Germany pushes for digital terrestrial DVB-T2 upgrade
Germany is preparing to migrate to the second-generation DVB-T2 digital terrestrial architecture, following the lead of the UK, Italy, Finland and Sweden.
The country’s Conference of Directors of the media authorities (Direktorenkonferenz der Landesmedienanstalten — DLM), which effectively controls licensing and technology choices for commercial radio and TV, has called for preparations to upgrade Germany’s digital terrestrial television network to DVB-T2. This move comes just after ARD, Germany’s regional public-service broadcaster consortium, announced its transition to DVB-T2 beginning in 2016.
This will affect the 4 million Germany households that currently receive terrestrial TV via the first-generation DVB-T standard, particularly the 2 million of those for which it is the primary means of TV reception. DVB-T2 has about 66-percent greater capacity than DVB-T, enabling delivery of 5-6 HDTV channels using MPEG-4 compression as required by the standard. Several technical advances have been combined to deliver this increased throughput, one being notably improved Forward Error Correction (FEC) to increase the number of digital bits that can be carried over a given symbol modulated onto the carrier wave. Another improvement is in shortening the guard interval that protects against interference from echoes and progagation delays from 1/32 to 1/128 of the symbol period. This liberates a bit of spectrum for data.

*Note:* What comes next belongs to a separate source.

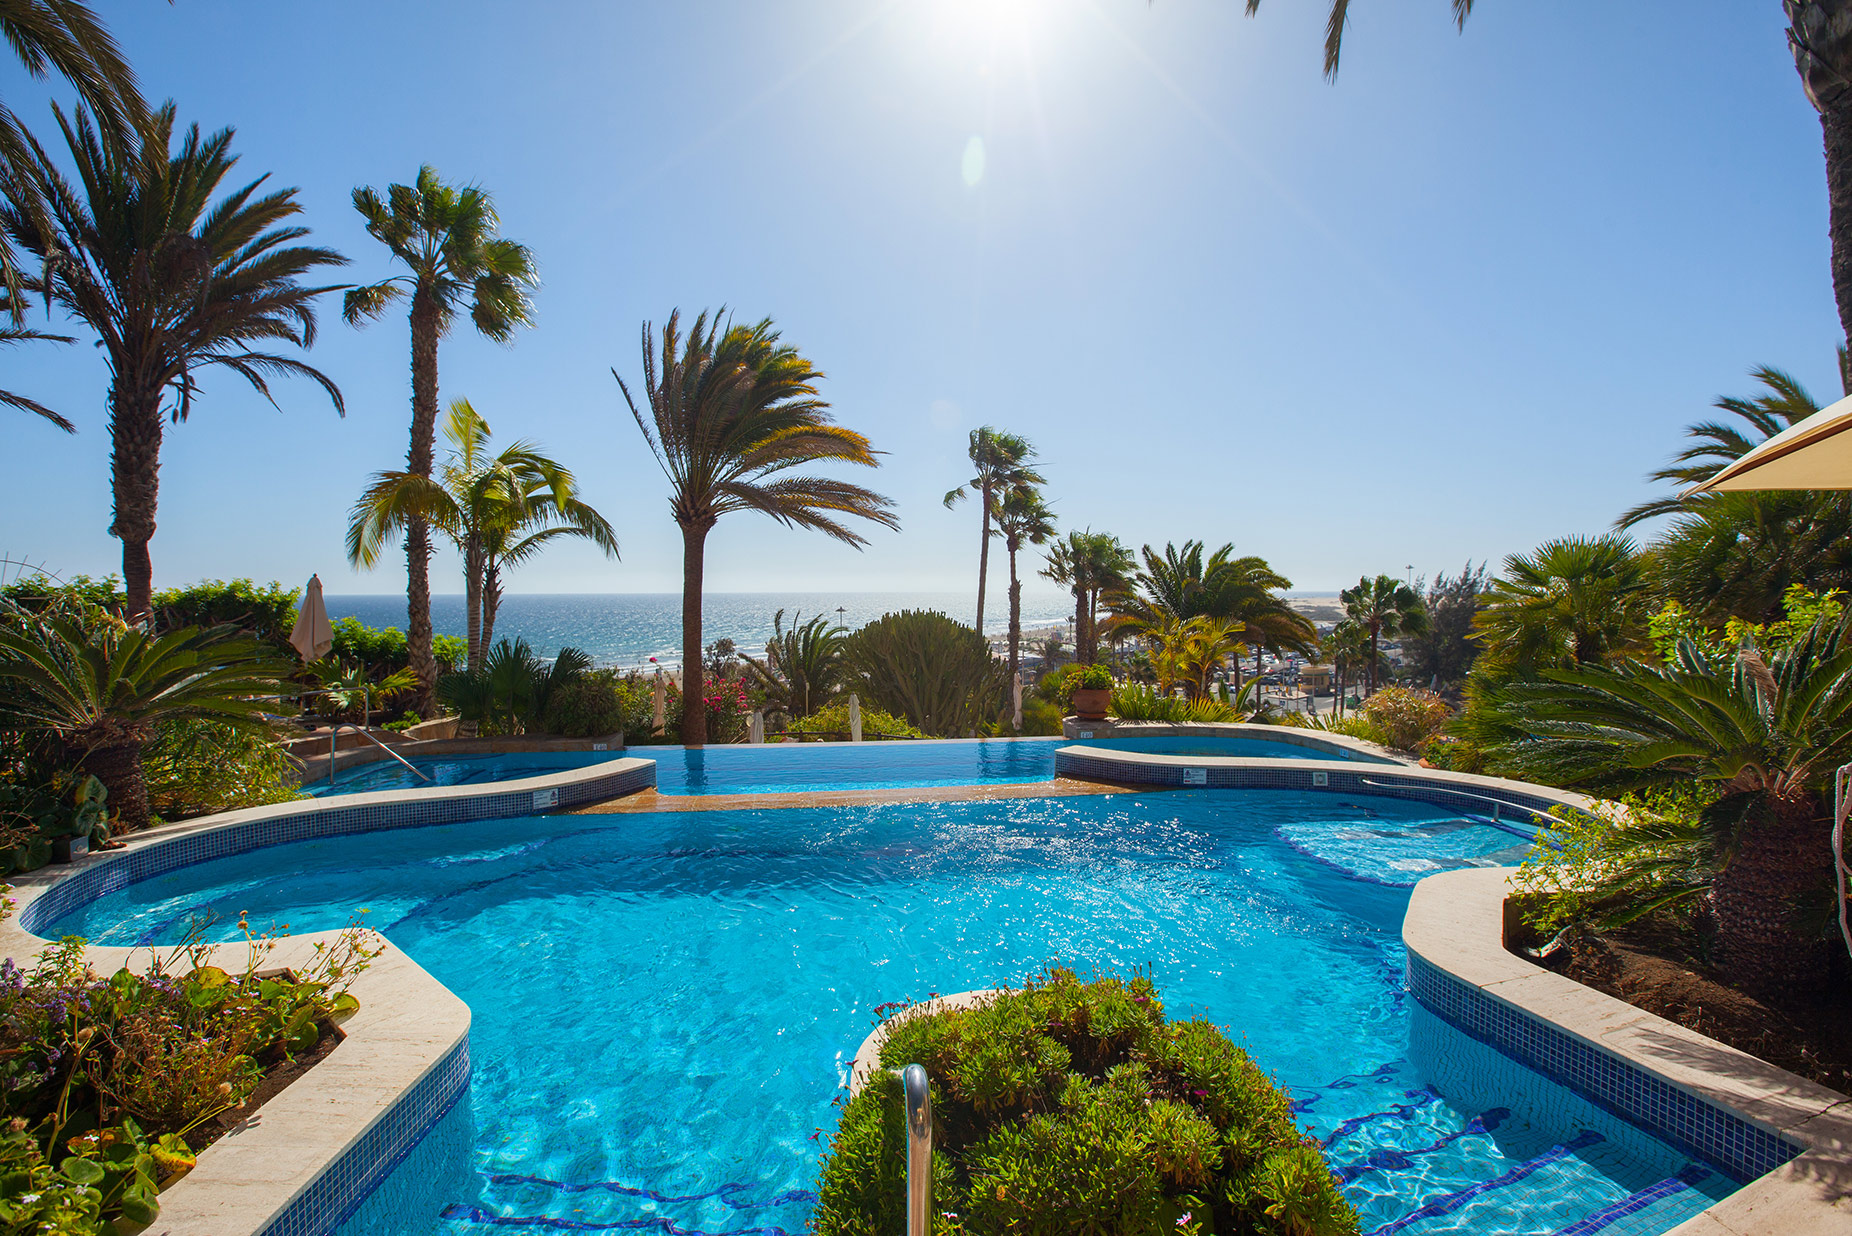 Corallium Dunamar by Lopesan Hotels (Gran Canaria)

There is scope for achieving even further performance gains as broadcasters or terrestrial distributors get to grips with some of DVB-T2’s more arcane features, such as spreading a large multiplex of signals across several linked frequencies. This will increase the savings that can be achieved by statistical multiplexing through having more channels in the mix. As the number of channels increases, the less headroom has to be allowed to cater for the ever-more remote possibility that nearly all channels will be consuming peak bandwidth at precisely the same time.

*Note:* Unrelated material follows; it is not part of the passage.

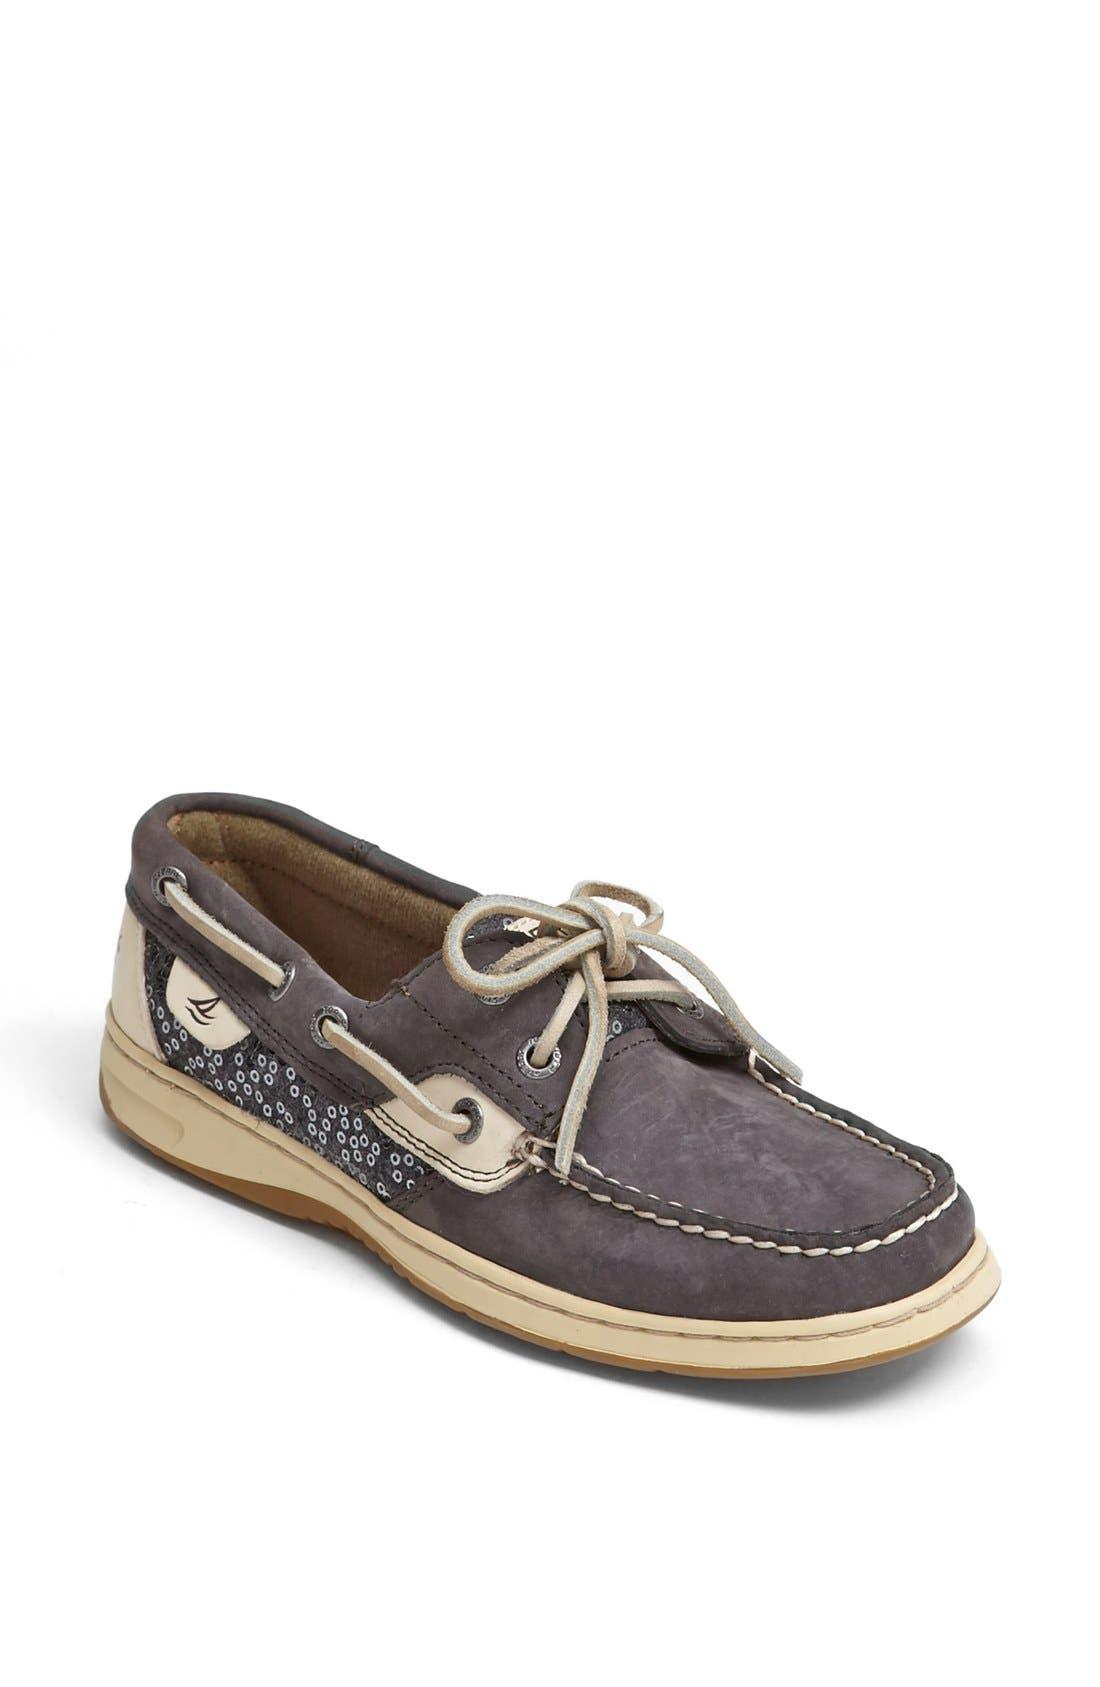 Alternate Image 1 Selected - Sperry Top-Sider® 'Bluefish 2-Eye' Boat Shoe (Women)

Yet from Germany’s point of view, an equally big attraction of DVB-T2 is its increased robustness against difficult propagation conditions, which makes it suitable for delivering mobile TV. Germany was one of the first to deploy DVB-T services initially, but this failed to translate immediately into tangible benefits for viewers, such as HDTV, for various reasons. Then, Germany was also a pioneer of DVB-H for mobile TV services, but it abandoned this in common with other European countries that had adopted the standard when it turned out it would cost too much because it required deployment of a completely new network infrastructure.
This left Germany scratching around for a new mobile-TV strategy, which now seems to be DVB-T2 since the technology has pulled off a neat trick by being capable of being optimized for both HDTV and lower-bandwidth mobile services at the same time. This has been made possible by introduction of a feature called MPLP (Multiple Physical Layer Pipes), which effectively means that the terrestrial infrastructure can provide several virtual physical layers, each supporting different QoS classes.
One such layer can be optimized for delivering HD to fixed antennae, where the requirement is for high bandwidth but with tolerance for low robustness. Another layer can be for delivery to moving smart phones, where bandwidth can be traded off for the high robustness needed. Yet another layer can be optimized for indoor reception.
Germany has also added some features of its own to optimize DVB-T for mobile reception, with its DVB-T ‘handover’ technology having been tested by the country’s Deutsche TV Platform for reception by terminals in cars. There was a pilot held in 2011 organized by the German TV Platform in cooperation with IRT (the technology institute of the German public broadcasters), Hessischer Rundfunk (HR) and BMW (on behalf of the Association of the Automotive Industry, VDA).
A move to DVB-T2 would dovetail with this handover technology to enable even more reliable mobile services for in car reception.